Electronic Collections Committee
Report to FLA-SUS Interest Group April 1998

1997/98 brought turmoil, uncertainty, and change to the direction of the ECC. The Distance Learning Initiative's purchase of OCLC's FirstSearch for statewide availability had a great impact on the electronic collection of the SUS libraries. In September, the library directors canceled several LUIS databases which were duplicated on FirstSearch, and reduced the number of simultaneous users for Wilson databases which were retained. In addition, RLG's Handbook for Latin American Studies was canceled and replaced with free Internet access from the Library of Congress.

While the original focus of the ECC was to mount a common set of databases, this past year the libraries cooperated in smaller groups to purchase databases which may not fit the needs or budgets of all the institutions. Thus some libraries share subscriptions to Cambridge Scientific Abstracts, Engineering Village, the ISI Web of Science, Compendex Web, Francis, IAC Legal Trac, and most recently, Galenet. All institutions share Congressional Universe and Lexis-Nexis Academic Universe. In the realm of full text electronic journals, several of the libraries aare cooperating in the purchase of the Elsevier Electronic Journals project.

Speculation about the DLLI-funded FirstSearch subscription still engages the committee's attention. In January a subcommittee evaluated the FirstSearch service for the SUS. One of the conclusions was that only a handful of the 60+ databases dominated usage, so that dropping titles from the package would result in no savings. The Committee would like to add additional subscription-only databases to the FirstSearch offering, including the purchase of more ports. Once the re-funding of FirstSearch is a certainty, the Committee will pursue this. However, FirstSearch as an all-purpose aggregator of databases has become essential to library services.
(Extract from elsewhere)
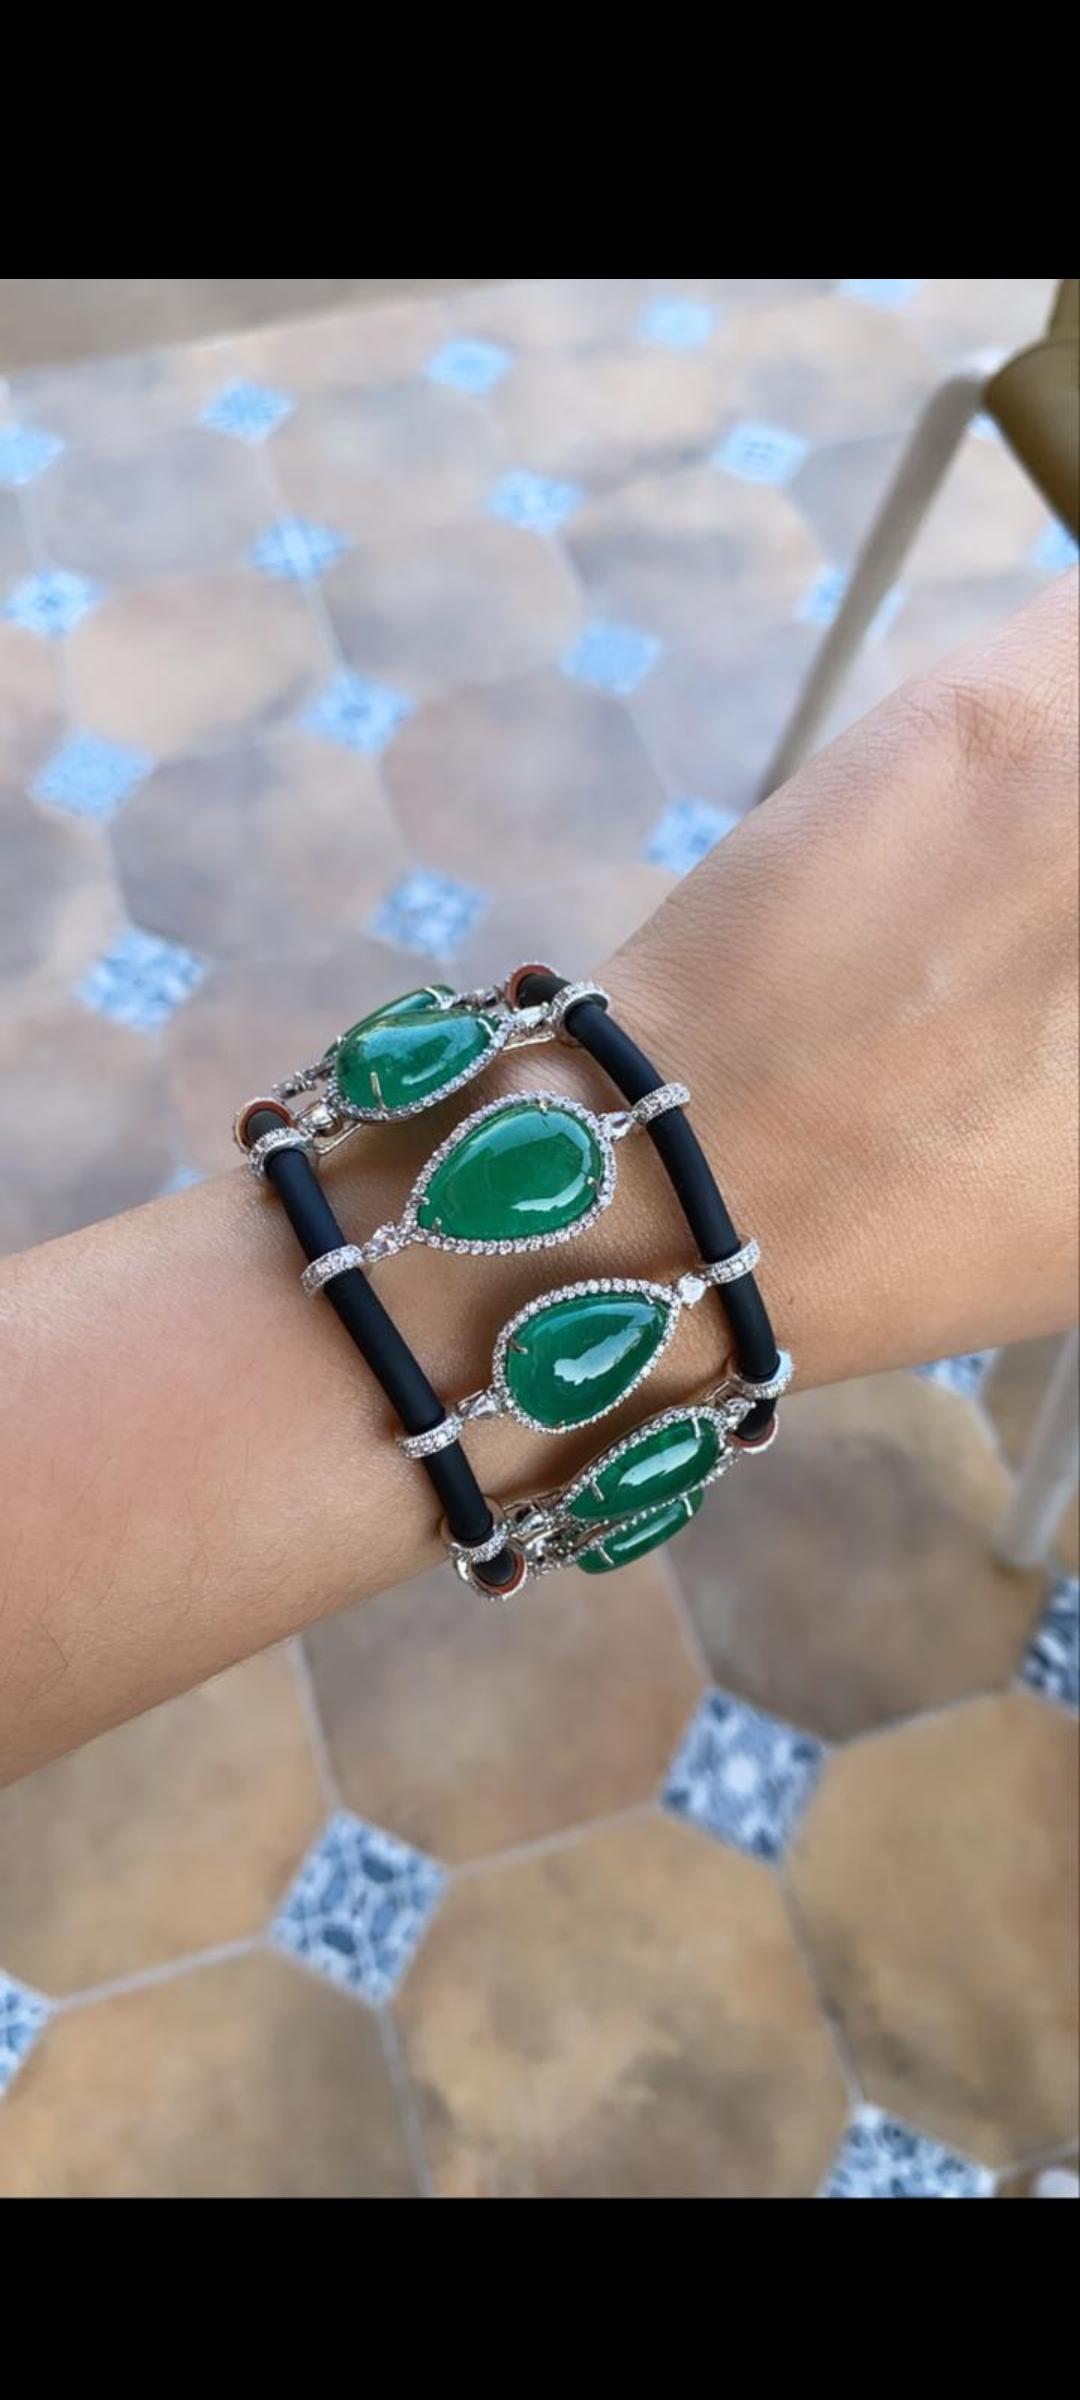 A modern and chic natural emerald and diamond bracelet set in 18k white gold on a leather/rubber chord. The emerald is natural and weight is 76.73 carats with 4.82 carats diamond weight . The net gold weight is 36.455 grams and bracelet dimensions

The Committee has also revised its database selection process, and has submitted this document to the library directors for their June meeting. The members are still very interested in other search engines, such as OVID and ERL. This April we ran a trial of several OVID databases as well as a full text health collections database from UMI.

Coincidentally, there is new ERL software, which the committee has asked FCLA to investigate.

Plans for the coming year (not in priority order):

1. Put individual library database evaluations up on the FCLA homepage

2. Pursue full text electronic journal subscriptions

3. Work with PSPC to develop guidelines/methodology for indexing free urls on the libraries' menus

4. Continue search engine evaluations (OVID, ERL, etc.)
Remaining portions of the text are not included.